The Two-Way
12:55 pm
Fri February 8, 2013

Squatter Relying On Archaic Law Is Kicked Out Of Florida Mansion

Originally published on Fri February 8, 2013 1:30 pm

The unlikely tale of "Loki Boy" came to a quick, uneventful resolution on Thursday.

Without incident, Boca Raton Police have evicted Andre "Loki Boy" Barbosa from the $2.5 million mansion he had been squatting in citing Florida law.

The Florida Sun-Sentinel reports that Barbosa had been been living in the 7,200 square-foot home with an ocean view since December. The foreclosed home is owned by Bank of America, but it had remained empty for more than 18 months.

Barbosa moved in shortly after Christmas, filing for "adverse possession" with the county. WPBF gives a primer on the archaic Florida law:

"The law is designed to establish ownership in the absence of a title or other documents. By filing a legal notice with the property appraiser, paying taxes and liens, and living in the house in an open manner, the resident may legally take ownership after seven years, barring objections from the original owner.

"However, Bank of America, which owns the property, has filed a lawsuit seeking to eject Barbosa and eight others. The lawsuit also seeks damages for breaking and entering."

Boca police, reports ABC, worked with the state attorney's office, which determined "a trespassing charge could apply." So last night, police warned Barbosa that remaining in the house would mean he was trespassing. They moved in and found personal belongings but no people.

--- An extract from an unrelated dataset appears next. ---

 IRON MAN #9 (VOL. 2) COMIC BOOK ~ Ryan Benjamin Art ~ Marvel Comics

In a statement to ABC, Bank of America said it takes "trespassing seriously, and in the interest of the community, we will take appropriate legal action to protect this and all properties we service."

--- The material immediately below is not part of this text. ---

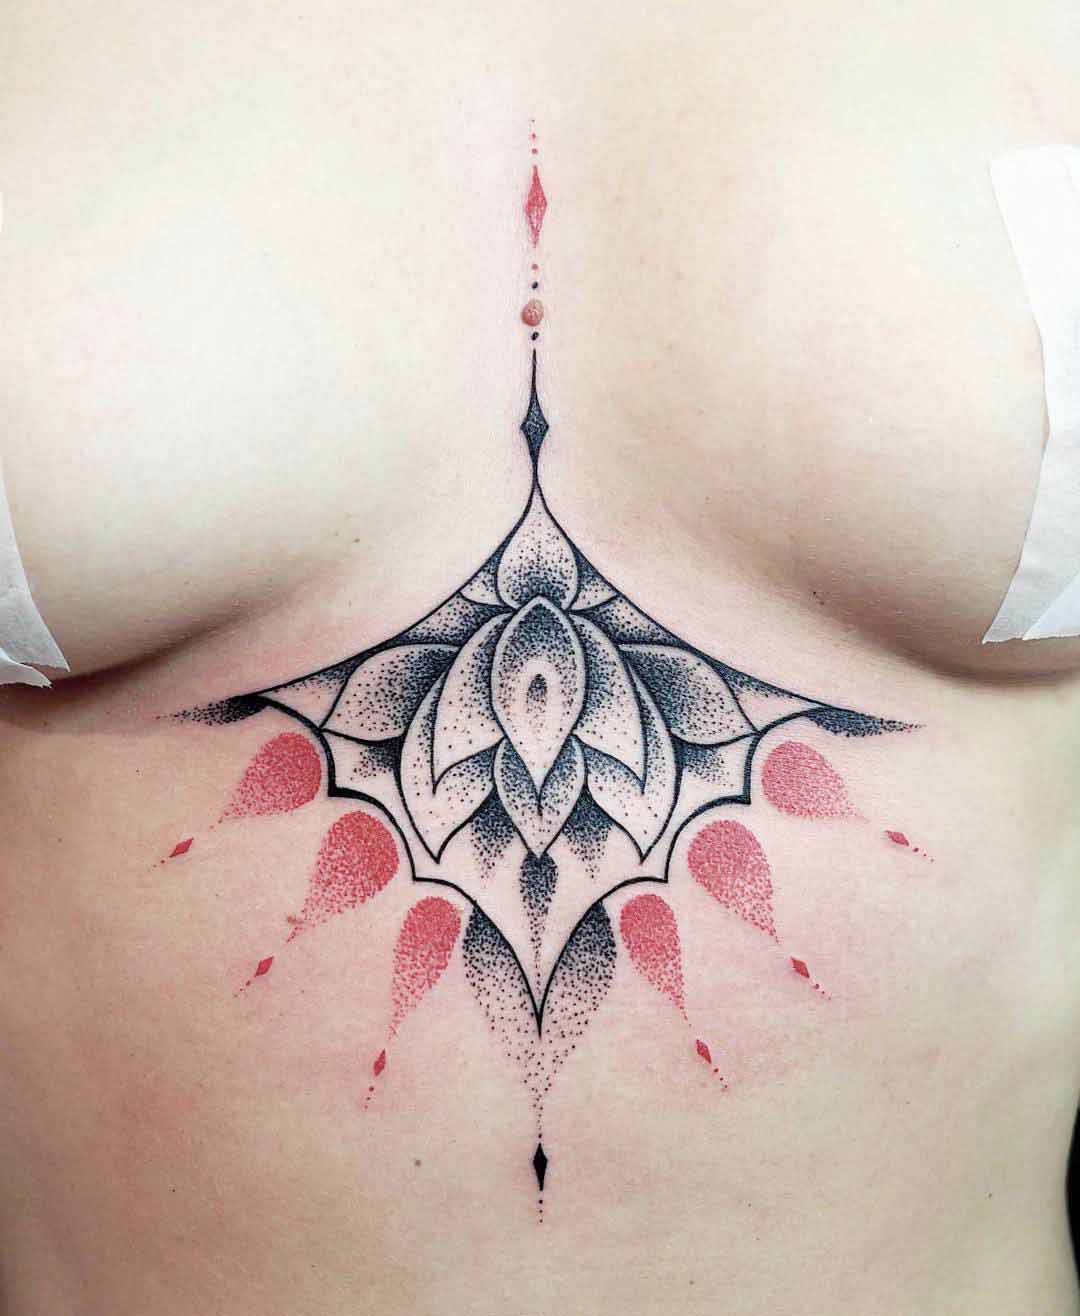 Under Breast Tattoo Ideas - Best Tattoo Ideas Gallery

The Sun-Sentinel adds that since Barbosa's case went public, adverse possession filings have become more common.

"Barbosa's occupation — the most valuable adverse possession attempted in Palm Beach County over the last 10 years — has spawned copycats who have filed more than a half-dozen adverse possession notices in the Broward County Appraiser's Office since his case was publicized," the paper writes.